### Exercise input
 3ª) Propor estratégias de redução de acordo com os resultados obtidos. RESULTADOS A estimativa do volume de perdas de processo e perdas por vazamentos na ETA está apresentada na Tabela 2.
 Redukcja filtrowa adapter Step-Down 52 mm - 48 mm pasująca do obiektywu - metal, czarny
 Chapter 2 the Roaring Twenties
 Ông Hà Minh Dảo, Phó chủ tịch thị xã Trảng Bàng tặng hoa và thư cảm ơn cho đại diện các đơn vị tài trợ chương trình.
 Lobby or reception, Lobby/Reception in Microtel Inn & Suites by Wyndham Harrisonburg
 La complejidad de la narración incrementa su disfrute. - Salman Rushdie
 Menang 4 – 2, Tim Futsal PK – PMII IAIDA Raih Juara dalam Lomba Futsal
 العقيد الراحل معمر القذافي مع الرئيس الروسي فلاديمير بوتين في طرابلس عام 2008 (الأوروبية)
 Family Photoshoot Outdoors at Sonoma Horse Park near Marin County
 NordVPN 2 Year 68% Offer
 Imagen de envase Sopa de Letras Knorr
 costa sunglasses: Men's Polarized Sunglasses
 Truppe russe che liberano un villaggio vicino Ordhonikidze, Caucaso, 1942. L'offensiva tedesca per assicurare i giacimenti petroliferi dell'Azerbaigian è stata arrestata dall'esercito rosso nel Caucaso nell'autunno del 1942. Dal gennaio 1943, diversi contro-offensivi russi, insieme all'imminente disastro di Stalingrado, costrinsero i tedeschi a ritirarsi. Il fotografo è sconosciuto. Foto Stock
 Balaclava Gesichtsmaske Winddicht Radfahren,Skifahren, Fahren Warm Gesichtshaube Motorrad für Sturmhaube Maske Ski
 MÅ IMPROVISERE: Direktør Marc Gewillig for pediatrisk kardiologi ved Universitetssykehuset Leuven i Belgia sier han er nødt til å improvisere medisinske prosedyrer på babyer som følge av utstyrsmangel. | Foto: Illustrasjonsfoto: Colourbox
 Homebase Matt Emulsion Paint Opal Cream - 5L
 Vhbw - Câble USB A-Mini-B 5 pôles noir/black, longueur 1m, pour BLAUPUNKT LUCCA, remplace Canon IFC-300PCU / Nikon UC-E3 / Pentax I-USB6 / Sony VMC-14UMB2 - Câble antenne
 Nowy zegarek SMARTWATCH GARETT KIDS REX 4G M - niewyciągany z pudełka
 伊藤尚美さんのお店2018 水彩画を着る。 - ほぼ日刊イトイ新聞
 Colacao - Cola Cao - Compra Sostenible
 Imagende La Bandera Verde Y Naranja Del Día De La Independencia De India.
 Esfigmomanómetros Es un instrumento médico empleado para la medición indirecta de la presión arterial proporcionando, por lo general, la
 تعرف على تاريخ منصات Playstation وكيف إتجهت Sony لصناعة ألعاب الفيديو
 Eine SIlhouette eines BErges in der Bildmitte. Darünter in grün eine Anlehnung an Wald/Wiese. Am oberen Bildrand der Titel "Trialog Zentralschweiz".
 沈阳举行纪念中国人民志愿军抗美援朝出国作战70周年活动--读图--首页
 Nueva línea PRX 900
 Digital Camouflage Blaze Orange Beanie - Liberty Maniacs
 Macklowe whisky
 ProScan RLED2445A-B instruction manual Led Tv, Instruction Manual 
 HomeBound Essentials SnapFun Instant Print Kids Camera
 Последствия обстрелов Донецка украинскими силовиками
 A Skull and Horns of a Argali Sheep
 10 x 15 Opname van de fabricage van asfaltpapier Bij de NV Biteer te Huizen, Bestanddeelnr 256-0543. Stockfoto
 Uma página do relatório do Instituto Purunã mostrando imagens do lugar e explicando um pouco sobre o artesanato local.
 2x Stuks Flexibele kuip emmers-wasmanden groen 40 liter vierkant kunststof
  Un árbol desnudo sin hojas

### What to work on
Set down the entries again exactly as they are.

### The completed task
 3ª) Propor estratégias de redução de acordo com os resultados obtidos. RESULTADOS A estimativa do volume de perdas de processo e perdas por vazamentos na ETA está apresentada na Tabela 2.
 Redukcja filtrowa adapter Step-Down 52 mm - 48 mm pasująca do obiektywu - metal, czarny
 Chapter 2 the Roaring Twenties
 Ông Hà Minh Dảo, Phó chủ tịch thị xã Trảng Bàng tặng hoa và thư cảm ơn cho đại diện các đơn vị tài trợ chương trình.
 Lobby or reception, Lobby/Reception in Microtel Inn & Suites by Wyndham Harrisonburg
 La complejidad de la narración incrementa su disfrute. - Salman Rushdie
 Menang 4 – 2, Tim Futsal PK – PMII IAIDA Raih Juara dalam Lomba Futsal
 العقيد الراحل معمر القذافي مع الرئيس الروسي فلاديمير بوتين في طرابلس عام 2008 (الأوروبية)
 Family Photoshoot Outdoors at Sonoma Horse Park near Marin County
 NordVPN 2 Year 68% Offer
 Imagen de envase Sopa de Letras Knorr
 costa sunglasses: Men's Polarized Sunglasses
 Truppe russe che liberano un villaggio vicino Ordhonikidze, Caucaso, 1942. L'offensiva tedesca per assicurare i giacimenti petroliferi dell'Azerbaigian è stata arrestata dall'esercito rosso nel Caucaso nell'autunno del 1942. Dal gennaio 1943, diversi contro-offensivi russi, insieme all'imminente disastro di Stalingrado, costrinsero i tedeschi a ritirarsi. Il fotografo è sconosciuto. Foto Stock
 Balaclava Gesichtsmaske Winddicht Radfahren,Skifahren, Fahren Warm Gesichtshaube Motorrad für Sturmhaube Maske Ski
 MÅ IMPROVISERE: Direktør Marc Gewillig for pediatrisk kardiologi ved Universitetssykehuset Leuven i Belgia sier han er nødt til å improvisere medisinske prosedyrer på babyer som følge av utstyrsmangel. | Foto: Illustrasjonsfoto: Colourbox
 Homebase Matt Emulsion Paint Opal Cream - 5L
 Vhbw - Câble USB A-Mini-B 5 pôles noir/black, longueur 1m, pour BLAUPUNKT LUCCA, remplace Canon IFC-300PCU / Nikon UC-E3 / Pentax I-USB6 / Sony VMC-14UMB2 - Câble antenne
 Nowy zegarek SMARTWATCH GARETT KIDS REX 4G M - niewyciągany z pudełka
 伊藤尚美さんのお店2018 水彩画を着る。 - ほぼ日刊イトイ新聞
 Colacao - Cola Cao - Compra Sostenible
 Imagende La Bandera Verde Y Naranja Del Día De La Independencia De India.
 Esfigmomanómetros Es un instrumento médico empleado para la medición indirecta de la presión arterial proporcionando, por lo general, la
 تعرف على تاريخ منصات Playstation وكيف إتجهت Sony لصناعة ألعاب الفيديو
 Eine SIlhouette eines BErges in der Bildmitte. Darünter in grün eine Anlehnung an Wald/Wiese. Am oberen Bildrand der Titel "Trialog Zentralschweiz".
 沈阳举行纪念中国人民志愿军抗美援朝出国作战70周年活动--读图--首页
 Nueva línea PRX 900
 Digital Camouflage Blaze Orange Beanie - Liberty Maniacs
 Macklowe whisky
 ProScan RLED2445A-B instruction manual Led Tv, Instruction Manual 
 HomeBound Essentials SnapFun Instant Print Kids Camera
 Последствия обстрелов Донецка украинскими силовиками
 A Skull and Horns of a Argali Sheep
 10 x 15 Opname van de fabricage van asfaltpapier Bij de NV Biteer te Huizen, Bestanddeelnr 256-0543. Stockfoto
 Uma página do relatório do Instituto Purunã mostrando imagens do lugar e explicando um pouco sobre o artesanato local.
 2x Stuks Flexibele kuip emmers-wasmanden groen 40 liter vierkant kunststof
  Un árbol desnudo sin hojas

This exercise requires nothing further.